TASK ITEM: The lines below from the one with "5 Star Modern" up to and including the one with "Elijah E. Belding" are what you should set down, exactly and without pictures.

RECORDS FOR THIS EXERCISE:
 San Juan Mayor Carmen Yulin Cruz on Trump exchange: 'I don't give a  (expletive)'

--

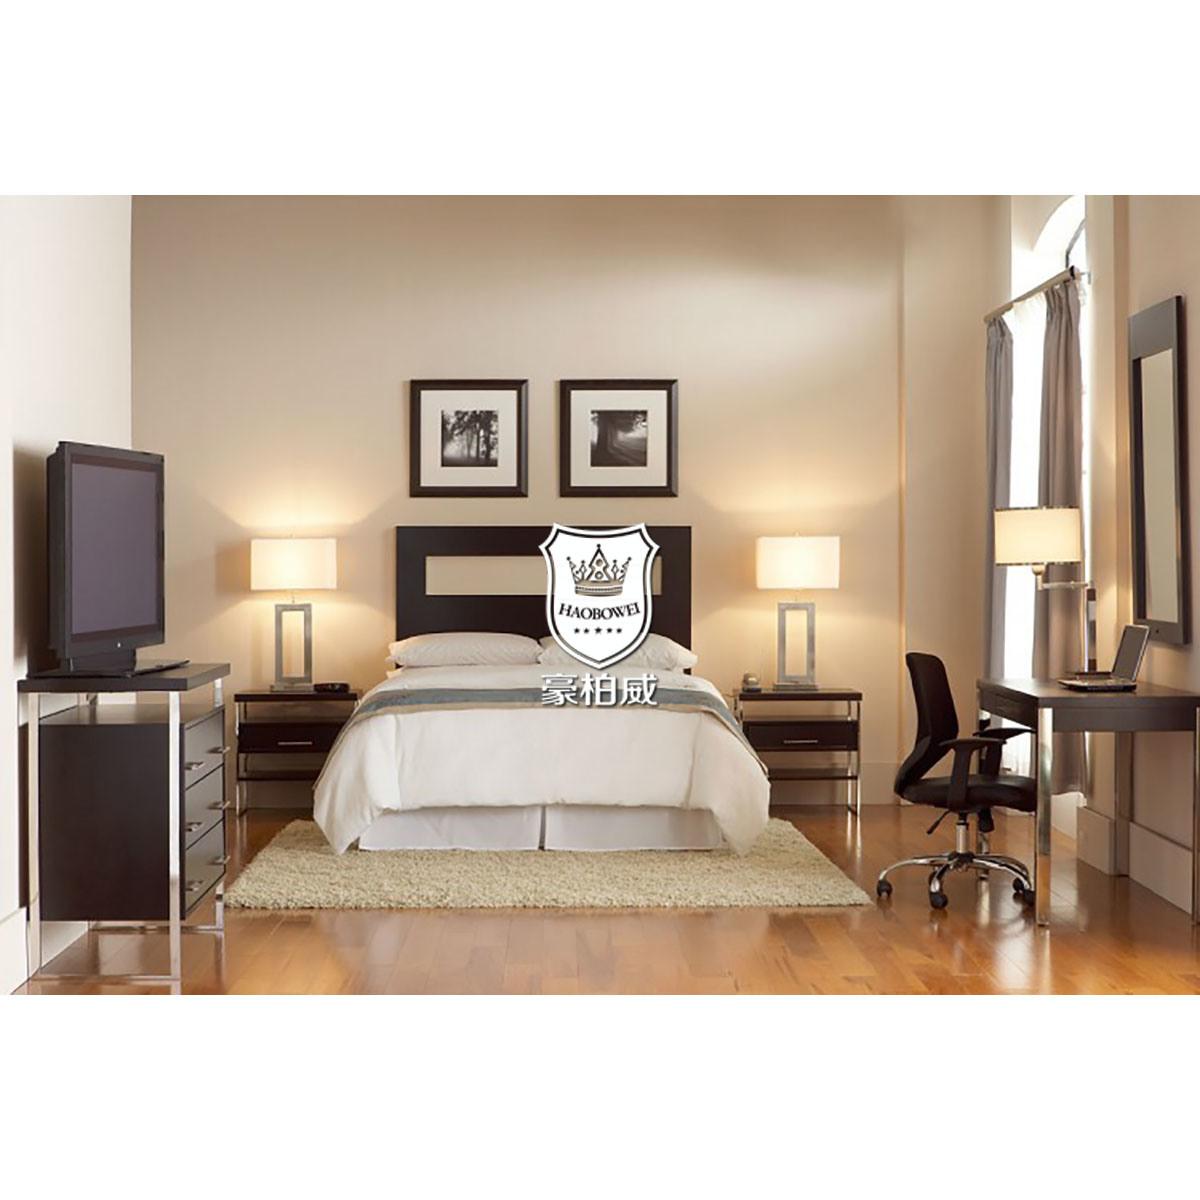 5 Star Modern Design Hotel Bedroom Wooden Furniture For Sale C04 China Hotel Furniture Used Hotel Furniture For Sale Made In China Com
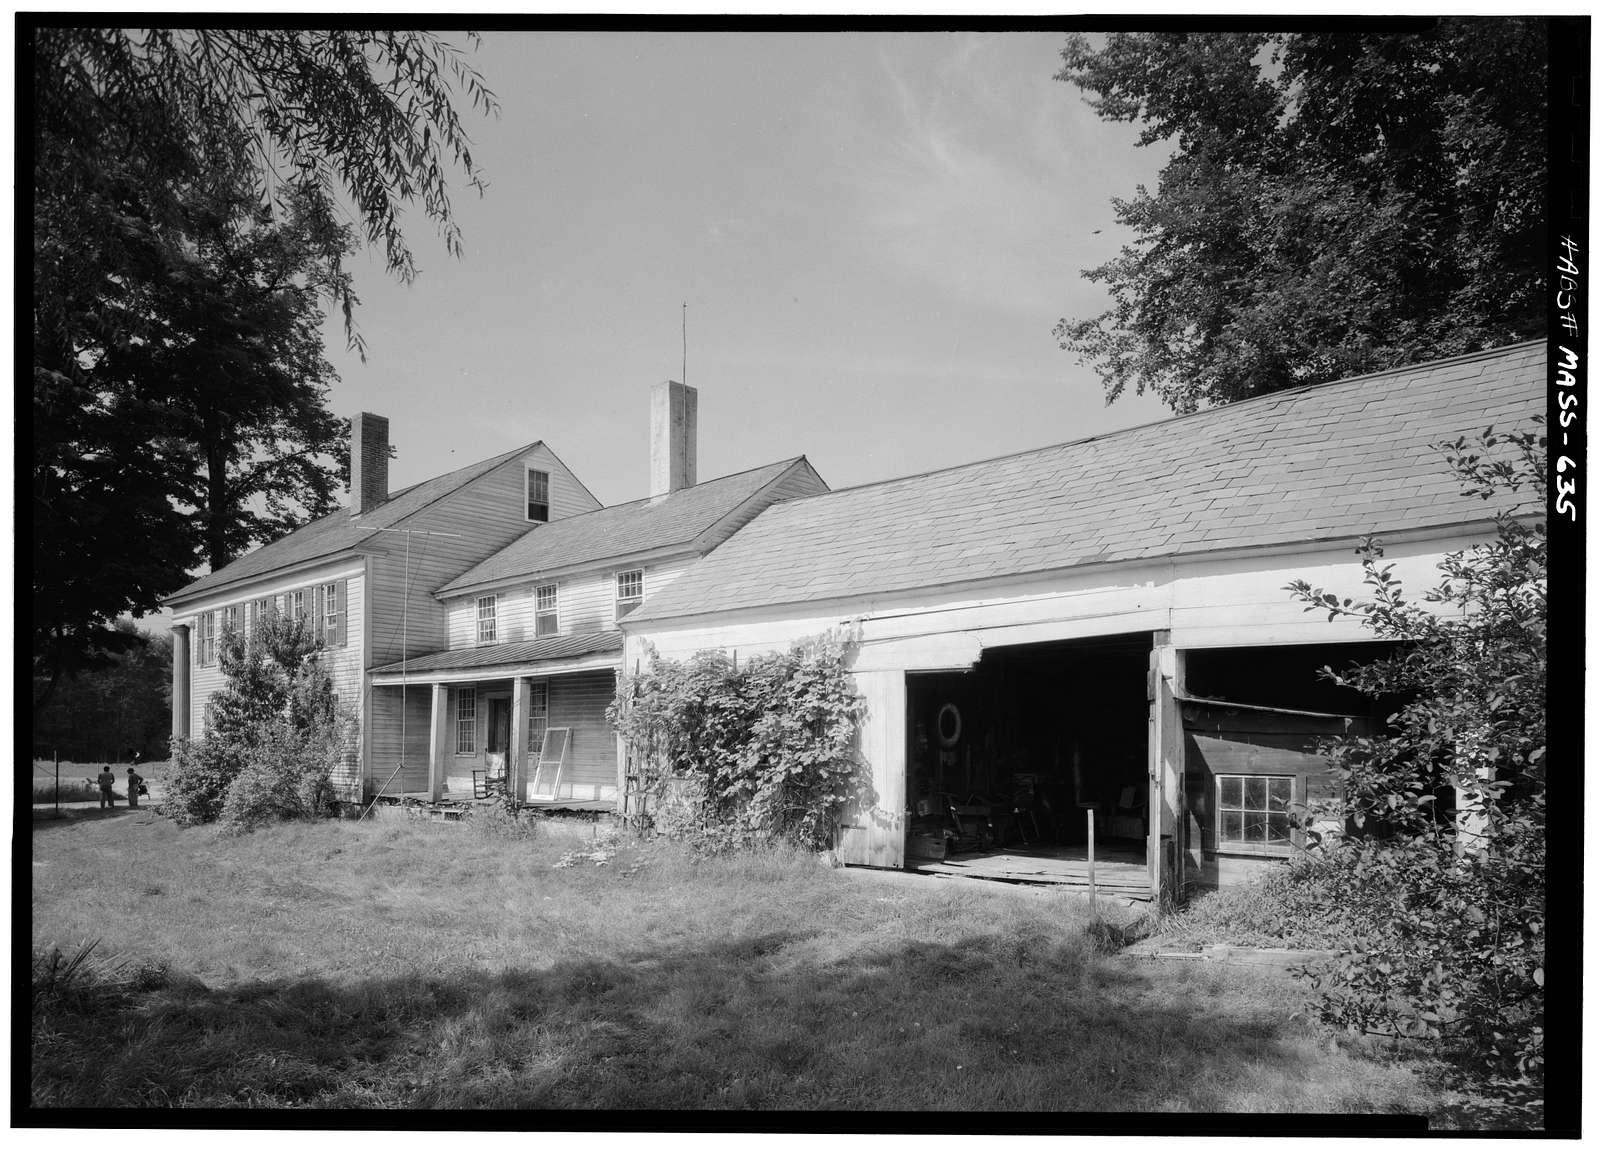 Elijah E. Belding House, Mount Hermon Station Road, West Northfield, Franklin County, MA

WRITTEN SOLUTION:
 5 Star Modern Design Hotel Bedroom Wooden Furniture For Sale C04 China Hotel Furniture Used Hotel Furniture For Sale Made In China Com
 Elijah E. Belding House, Mount Hermon Station Road, West Northfield, Franklin County, MA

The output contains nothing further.